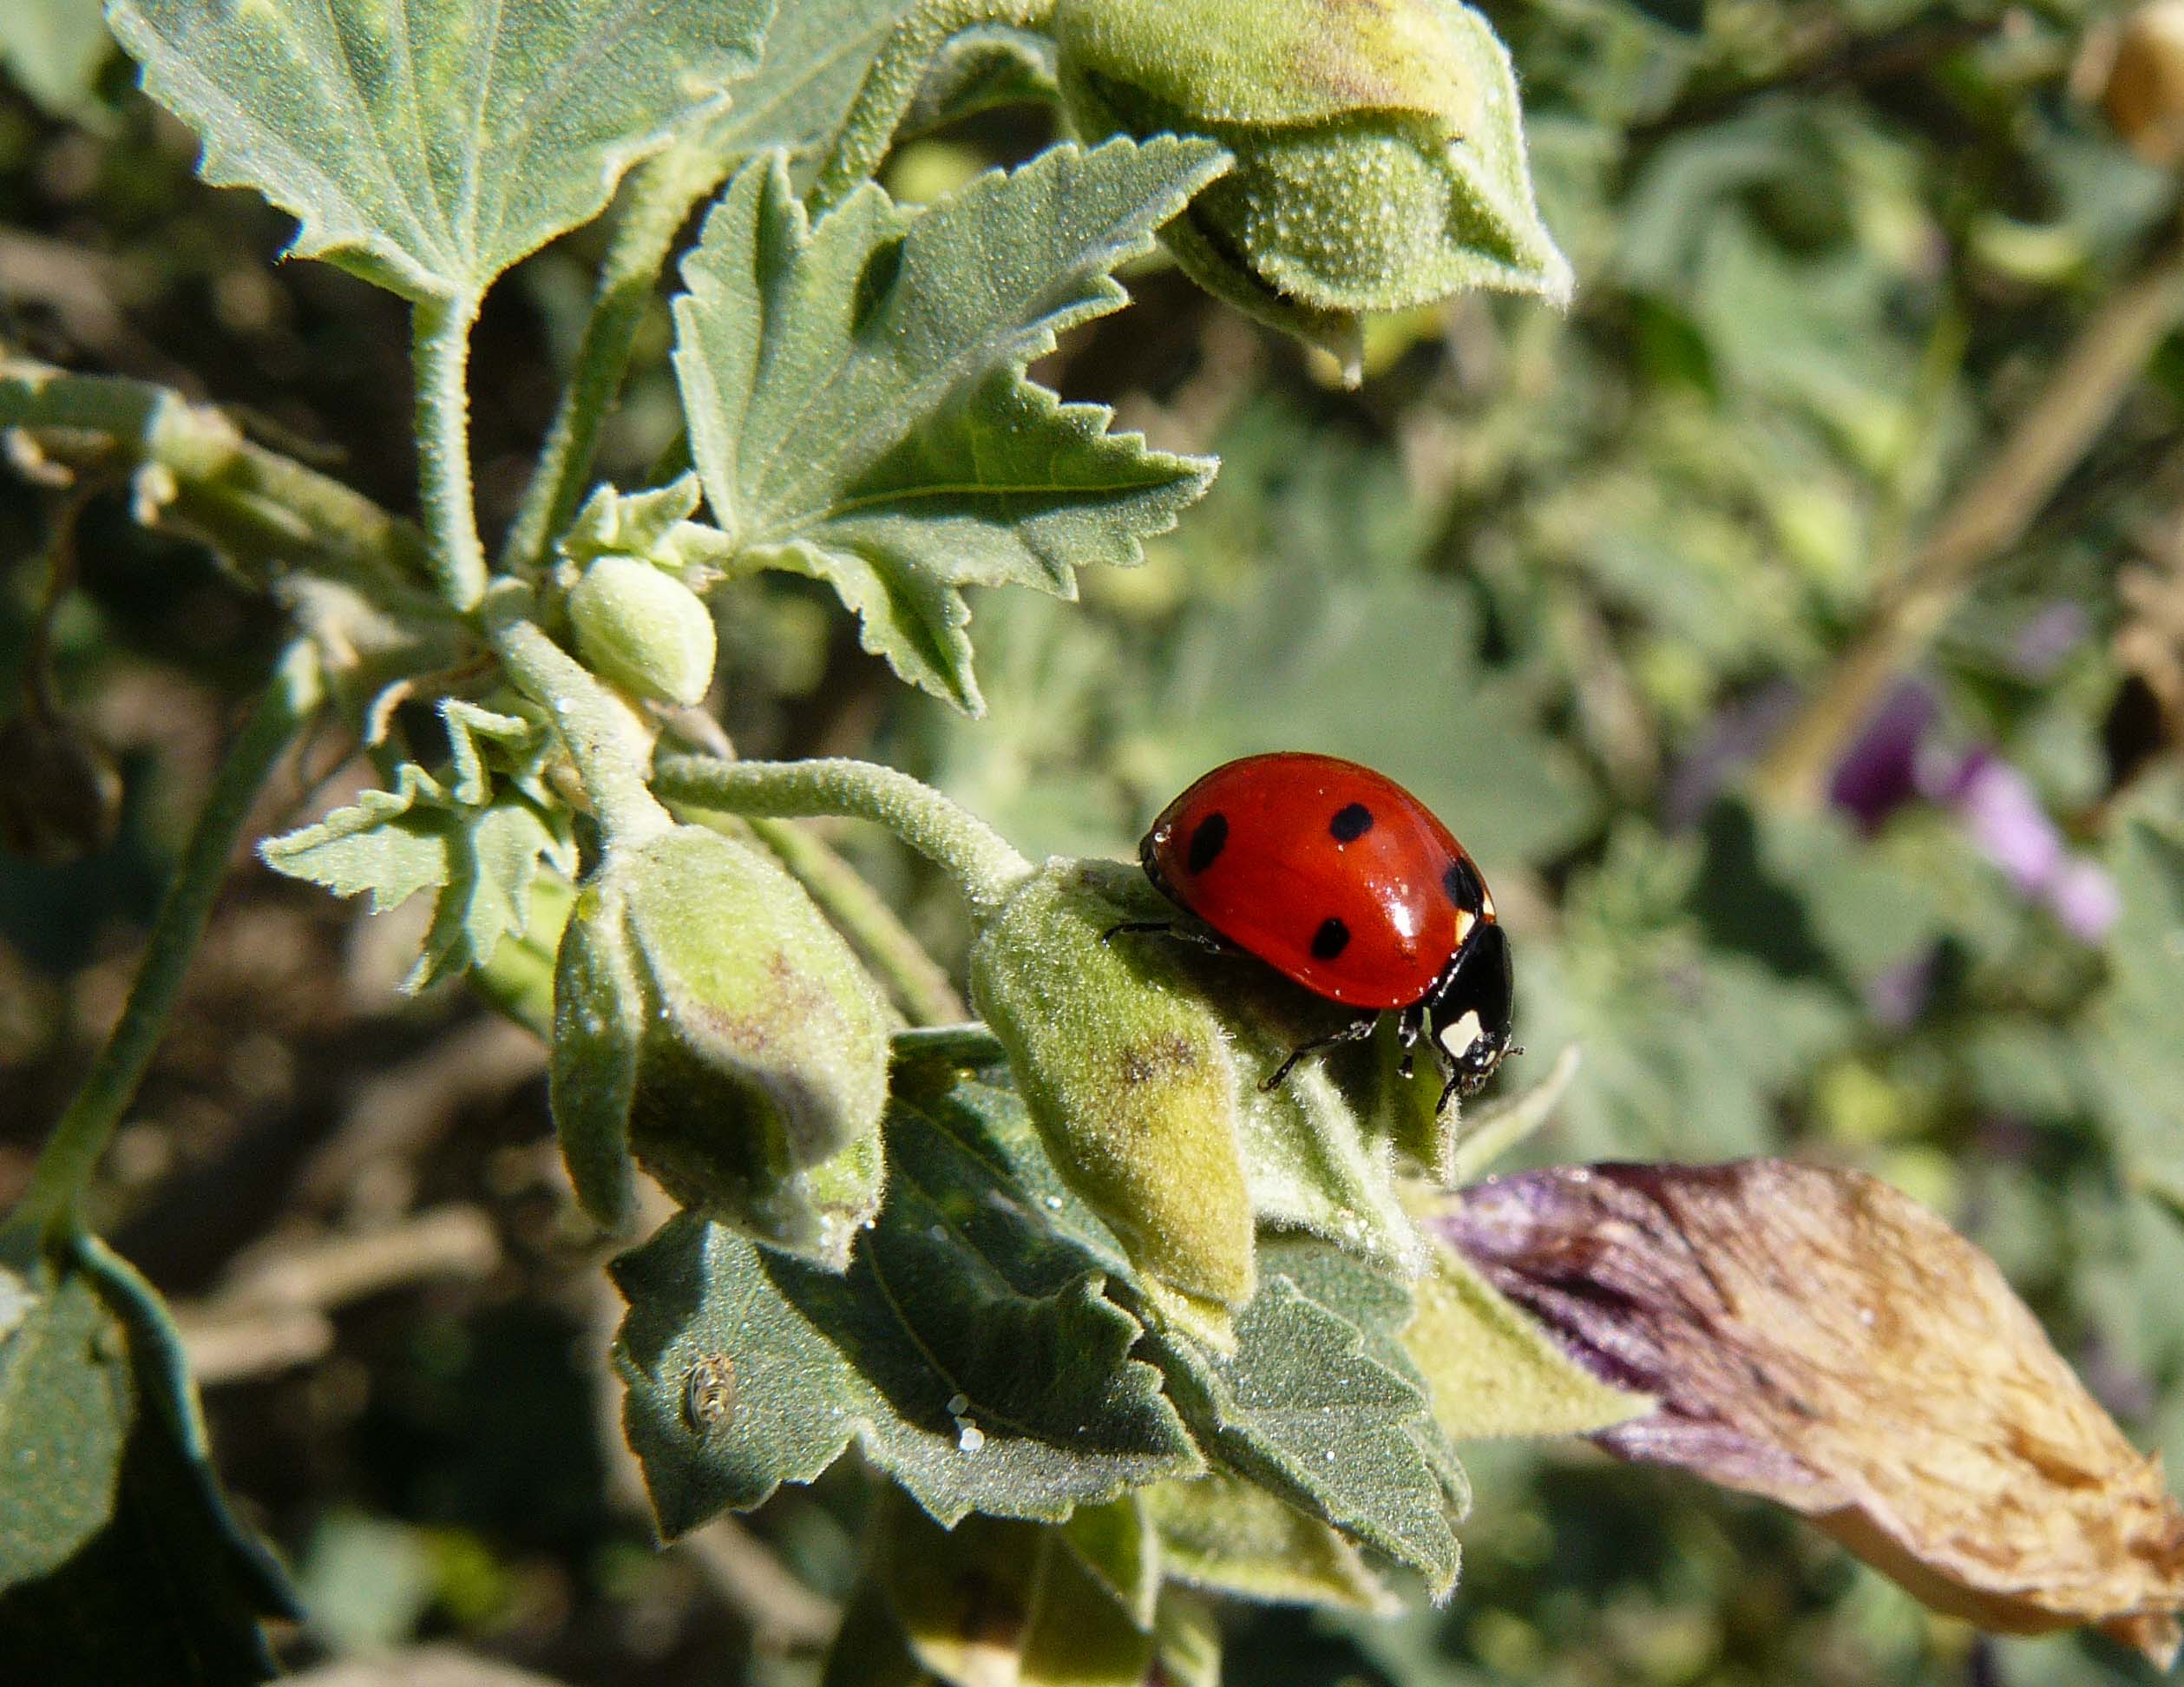 A little red ladybug
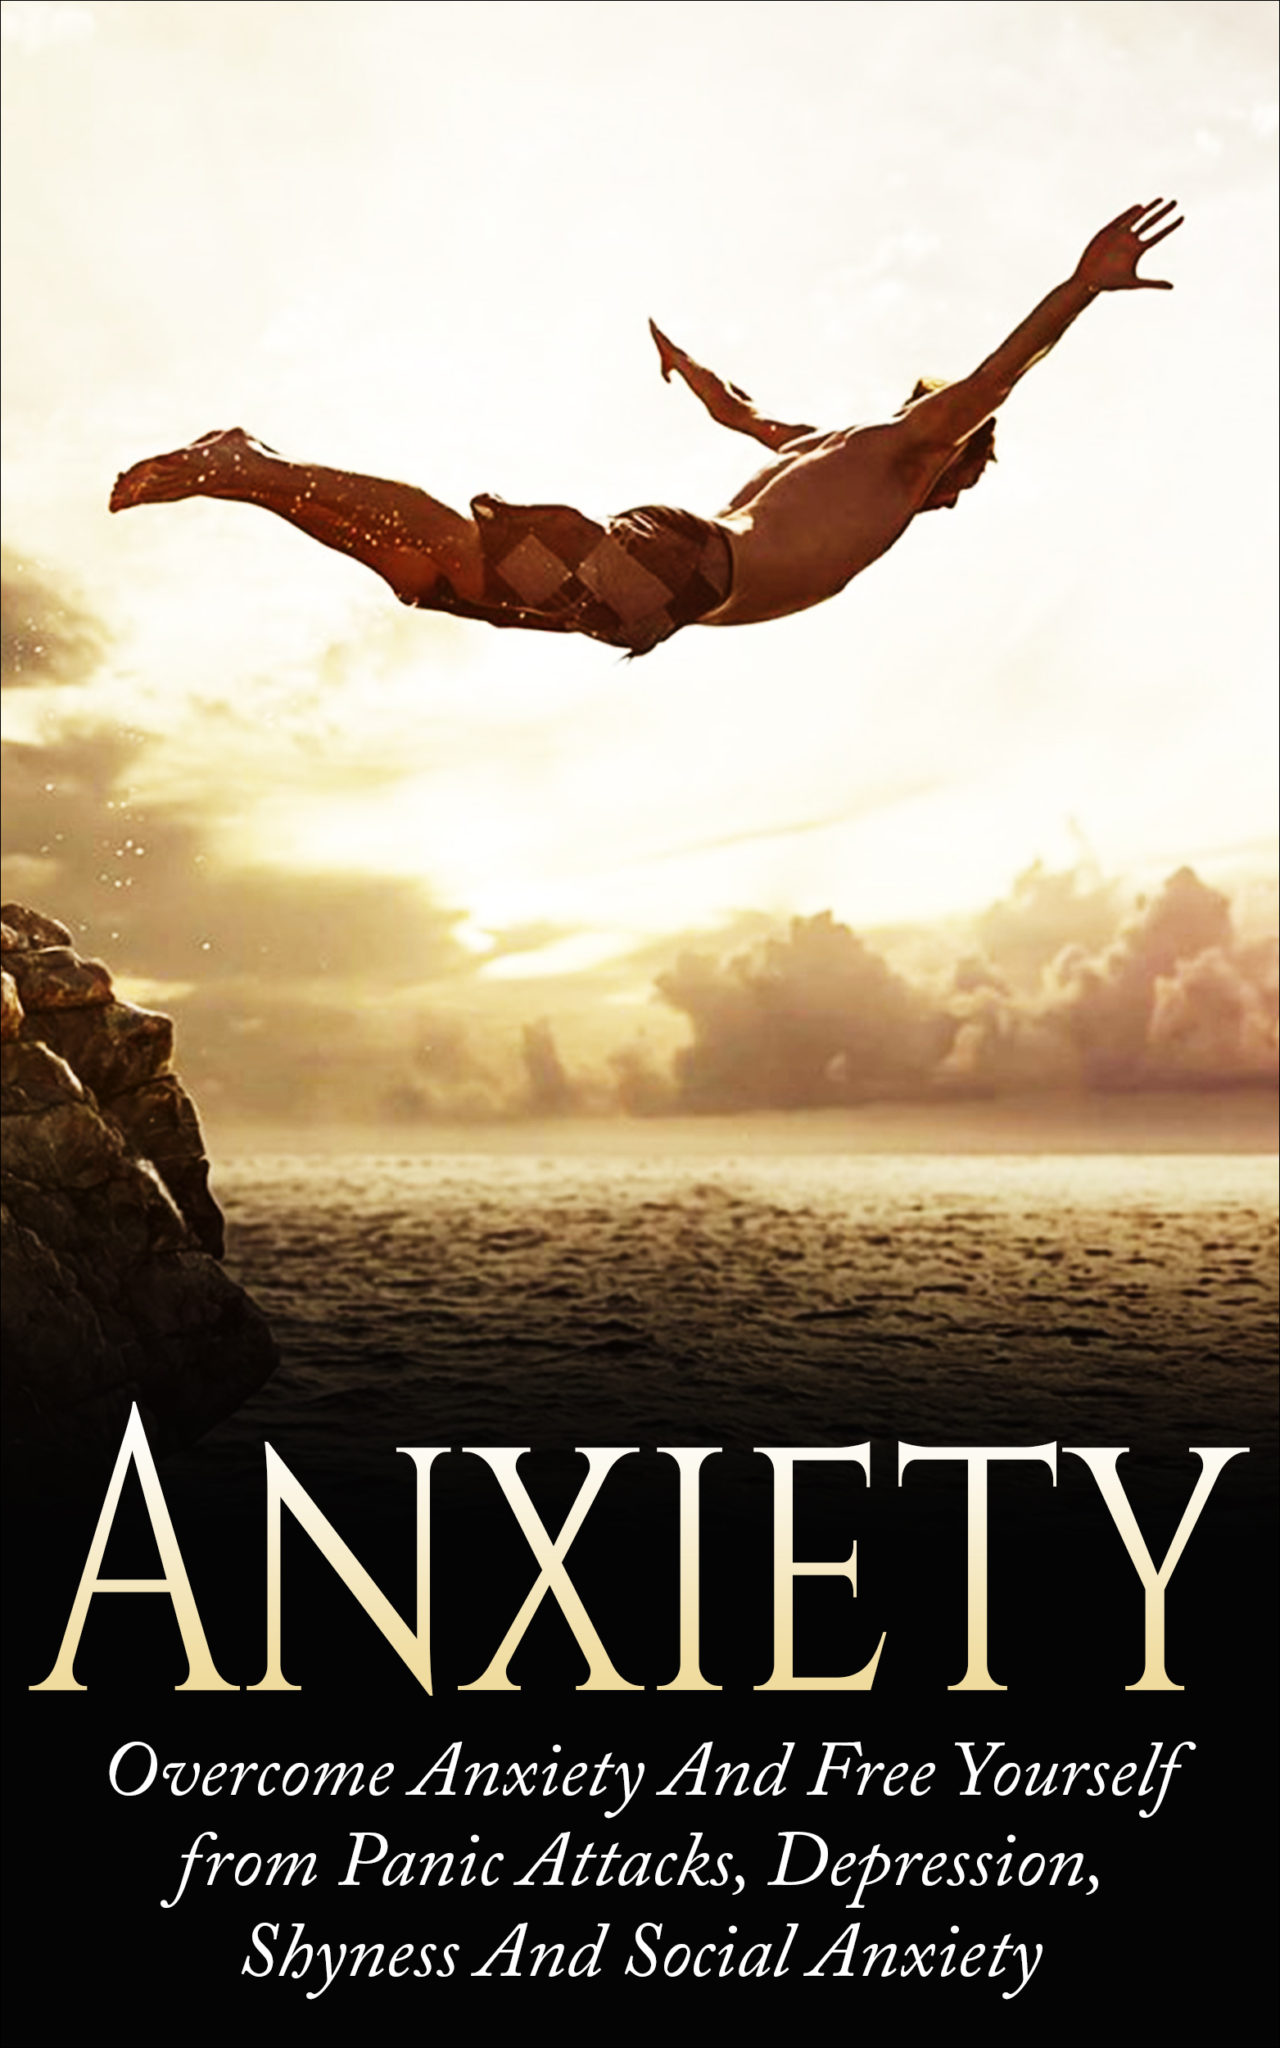 FREE: Anxiety: Overcome Anxiety and Free Yourself from Panic Attacks, Depression, Shyness and Social Anxiety by Jack J. Scott
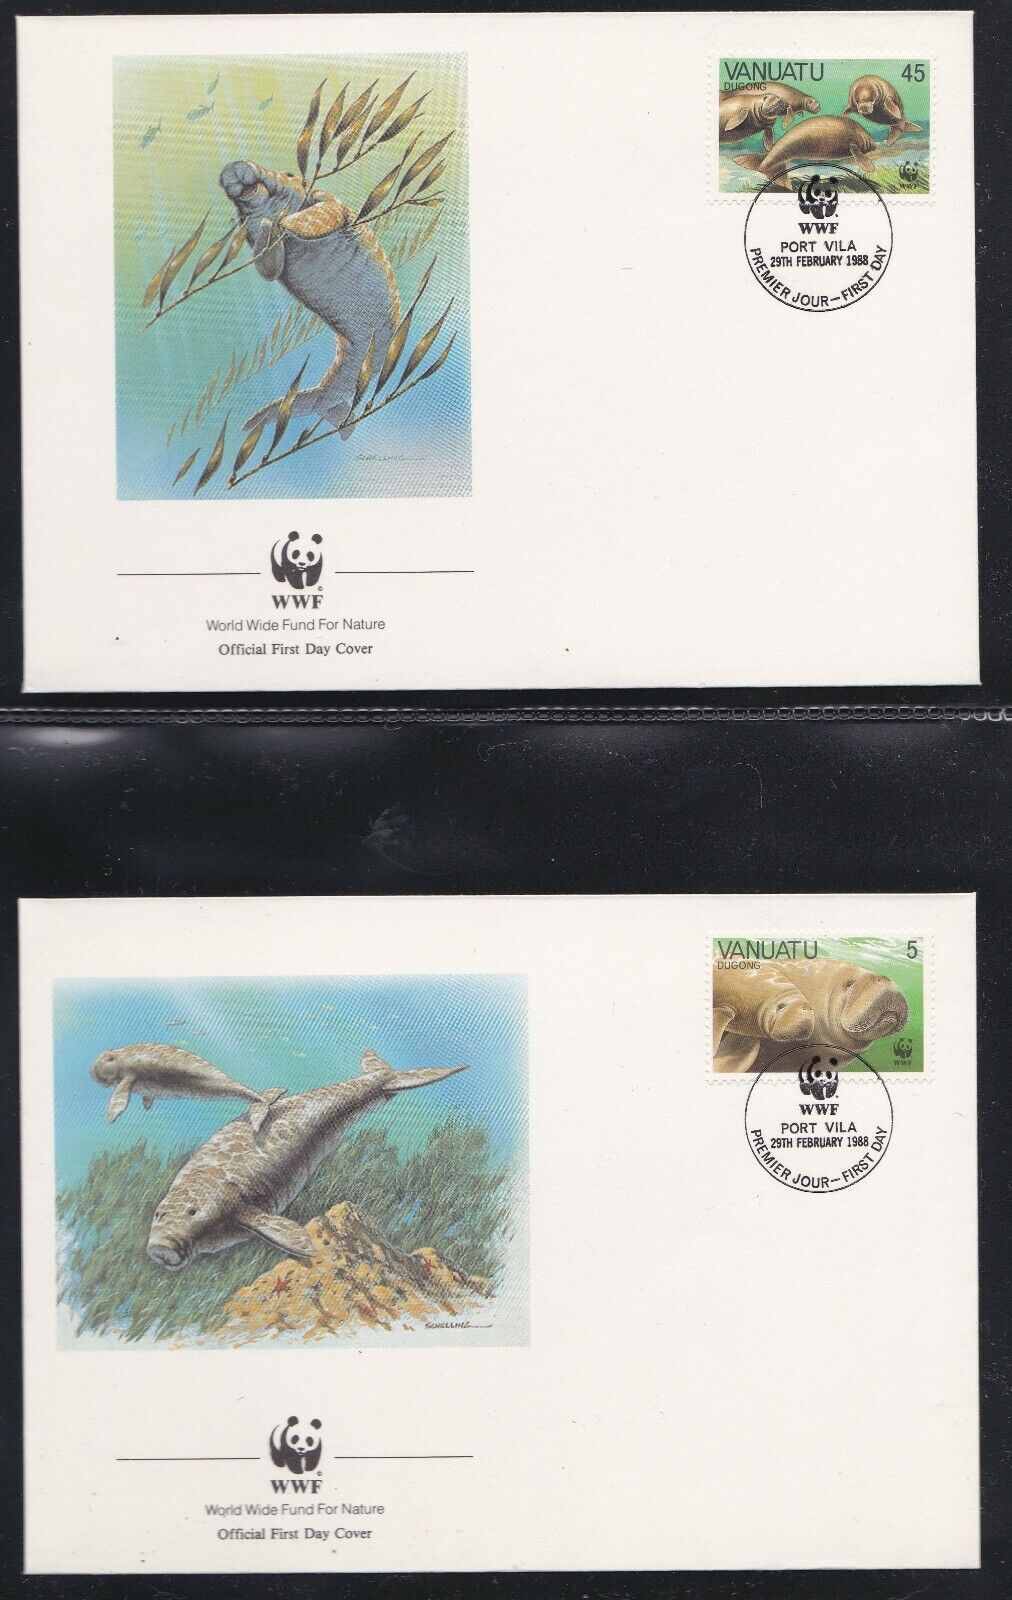 VANUATU 1988 FIRST Large special price DAY Finally popular brand COVER WORLD DUGONGS FUND WWF WILDLIFE
==========
### Work instruction
Return the lines above exactly; the images are not part of the copy.

### Finished exercise
 A little red ladybug
 FREE: Anxiety: Overcome Anxiety and Free Yourself from Panic Attacks, Depression, Shyness and Social Anxiety by Jack J. Scott
 VANUATU 1988 FIRST Large special price DAY Finally popular brand COVER WORLD DUGONGS FUND WWF WILDLIFE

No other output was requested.